It has been more than 40 years since University of Toronto researcher Dr. David Jenkins and fellow University of Toronto researcher Dr. Thomas Wolever PhD developed the idea of the glycemic index. While it is vital for people living with diabetes, experts believe that choosing lower GI carbohydrates is important for everyone.

Cayla Runka, a manager on our knowledge & connection team here at Diabetes Canada, says,

A low-GI diet has been linked with improved blood sugar and blood cholesterol levels, which is good for people with type 1 or type 2 diabetes.

She also points to a low-GI diet’s ability to help you feel full faster and longer after eating.

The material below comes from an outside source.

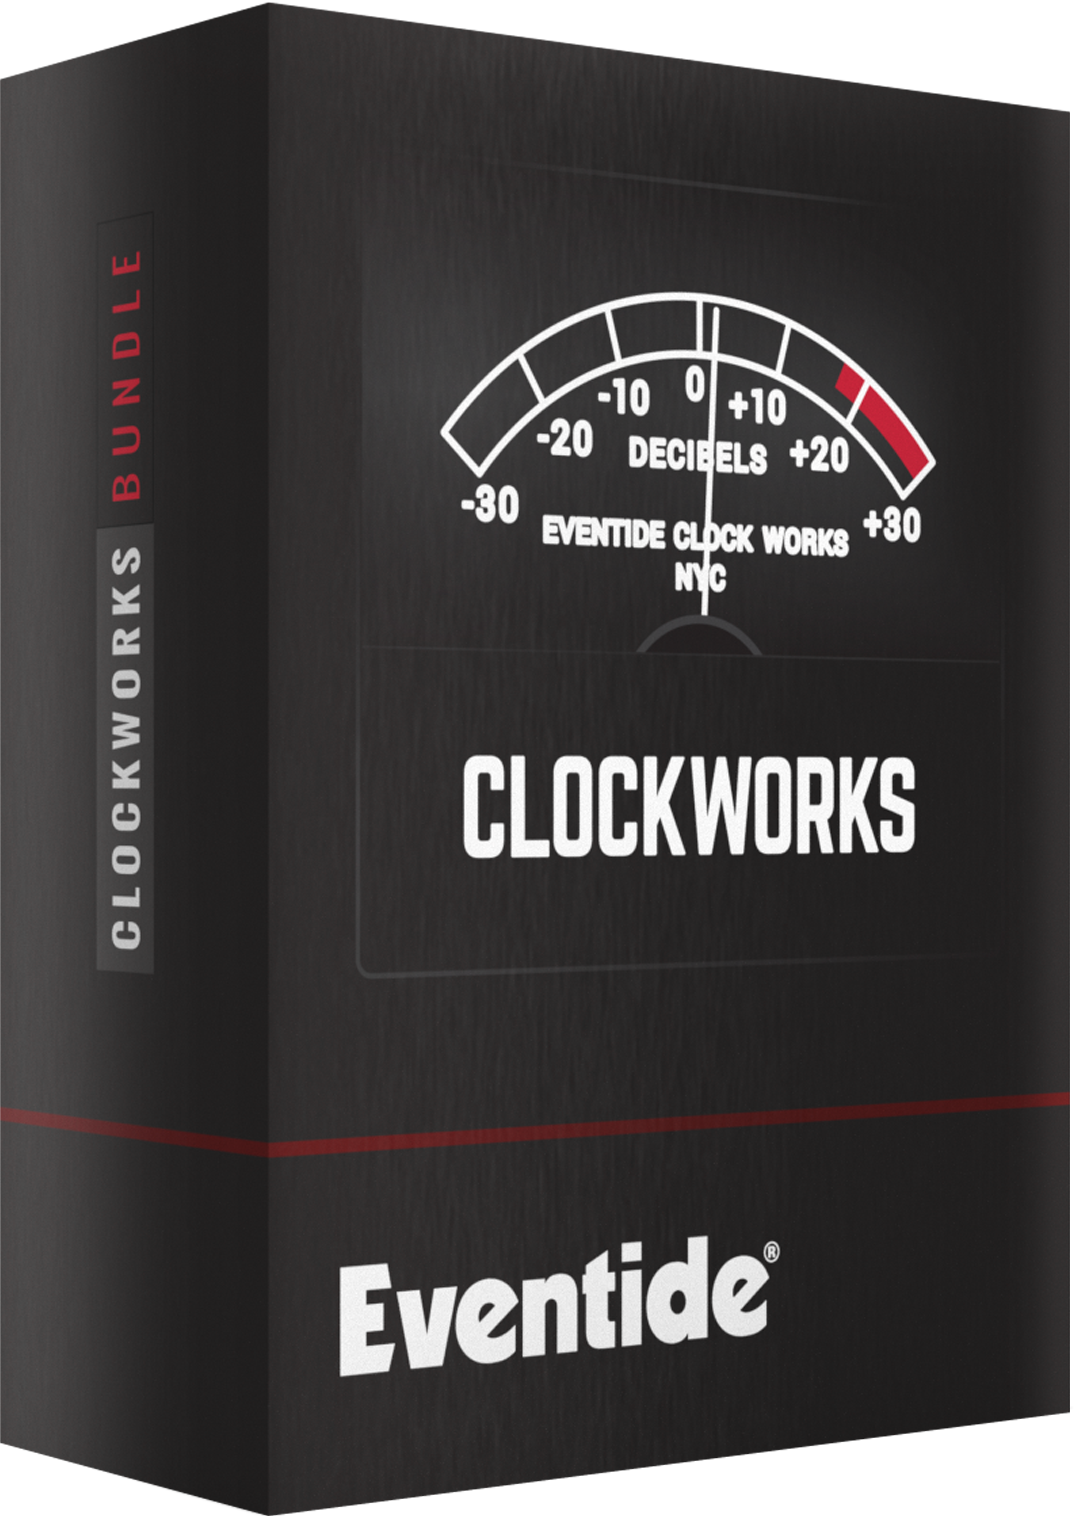 Eventide Clockworks bundle

And if you are more satisfied after a meal, you are less likely to snack or eat larger portions, making for easier control of blood sugar. Runka adds, “It is essential to keep in mind that even though a food may have a low GI, portions are still important.”

Lighten your load

So does that mean you have to avoid high-GI foods? Not at all. The GI of the food, whether low GI or high GI, can change based on the serving size eaten, cooking method and by combining the food with other ingredients in a meal or snack. By pairing a high GI food with a combination of non-starchy vegetables, lean protein and healthy fats at each meal or snack, you can reduce the overall glycemic response. This concept is known as the glycemic load (GL) and is about the whole of the meal or snack you’ve just eaten and not just the individual foods impact on blood sugar.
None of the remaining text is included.